Contact and near-contact binary systems - IV. RT Scl and AQ Tuc

Abstract

Reticon spectroscopic observations are presented for the short-period eclipsing binary systems RT Scl and AQ Tuc. Analysis of these data together with new analyses of previously published light curves show that RT Scl is composed of a main-sequence primary component, virtually in contact with its Roche lobe, and a detached secondary component which is ∼40 per cent larger than expected for its mass. The observed decrease in orbital period and the asymmetry in the light curve may be understood in terms of mass transfer from the primary component at a rate of $$10^{-8}M_\odot \enspace \text {yr}^{-1}$$ via a stream from the inner Lagrangian point which hits directly the surface of the oversized secondary.
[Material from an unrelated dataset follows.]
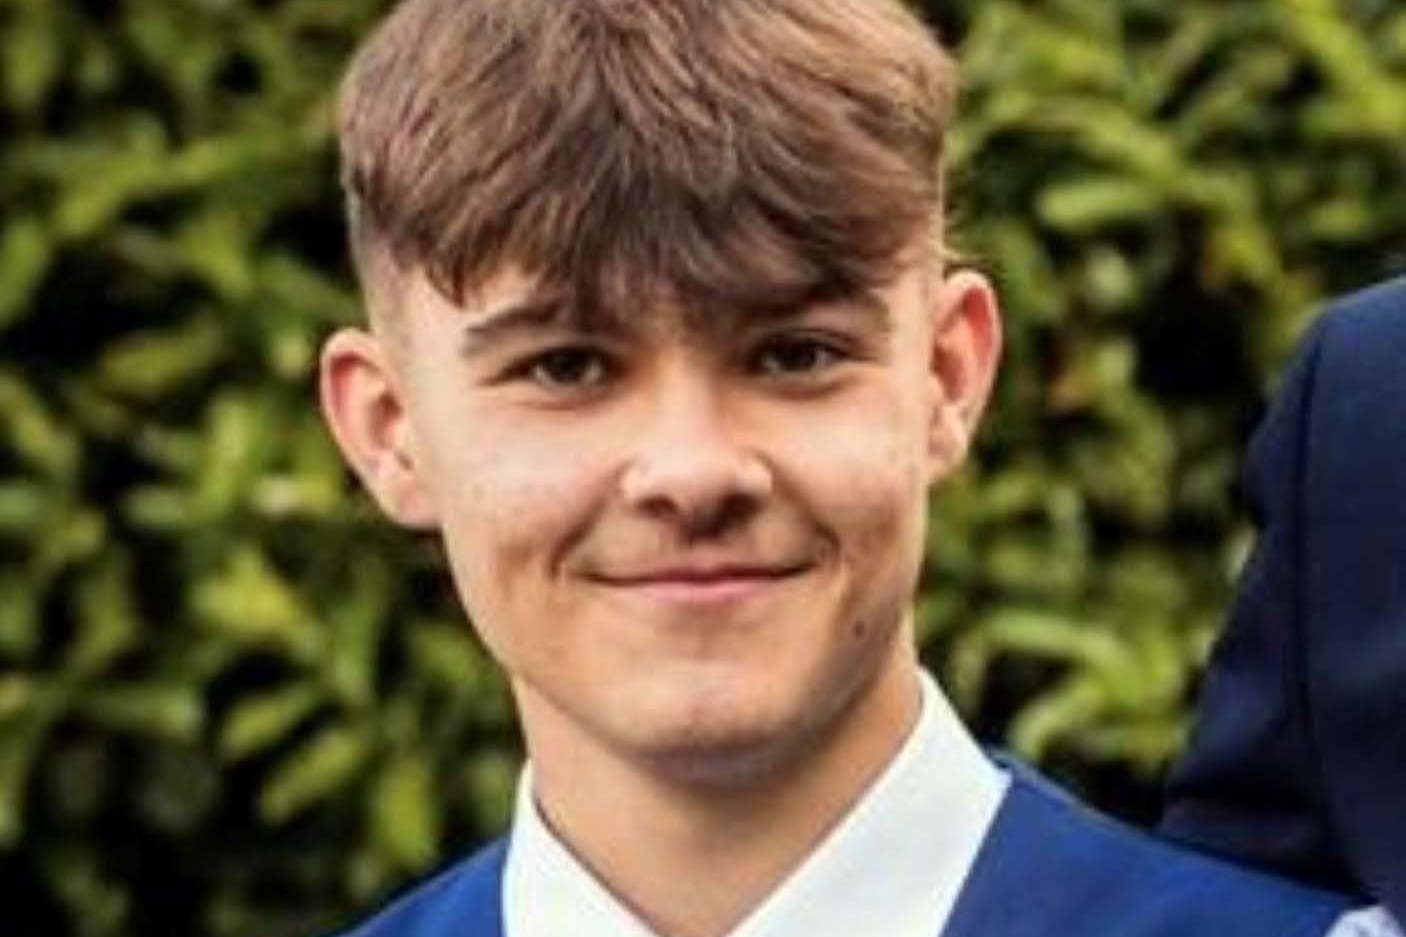 Charlie Cosser, 17, who died after being stabbed in Warnham, West Sussex, in the early hours of July 23 (Family handout/Sussex Police/PA)

RT Scl is therefore a good candidate for the broken-contact phase of the thermal relaxation oscillation model for contact binaries. Alternatively, it is close to the same evolutionary state as FT Lupi of evolution into contact for the first time. The system AQ Tuc, which has the same total mass and specific orbital angular momentum as RT Scl, is confirmed to be an A-type WUMa contact system. There is some disagreement between the spectroscopic and photometric determinations of the mass ratio which may result from the small (∼0.02 mag) asymmetries in the light curves and/or from the differences in relative strengths of the spectra of the two components between first quadrature and second quadrature. The best solutions of the light curves are obtained with a convective value ($$\beta=0.03$$) for the gravity-darkening exponent. These findings support the conclusions reached by Eaton that convective (or turbulent) atmospheres extend to earlier spectral types amongst contact systems than amongst single stars.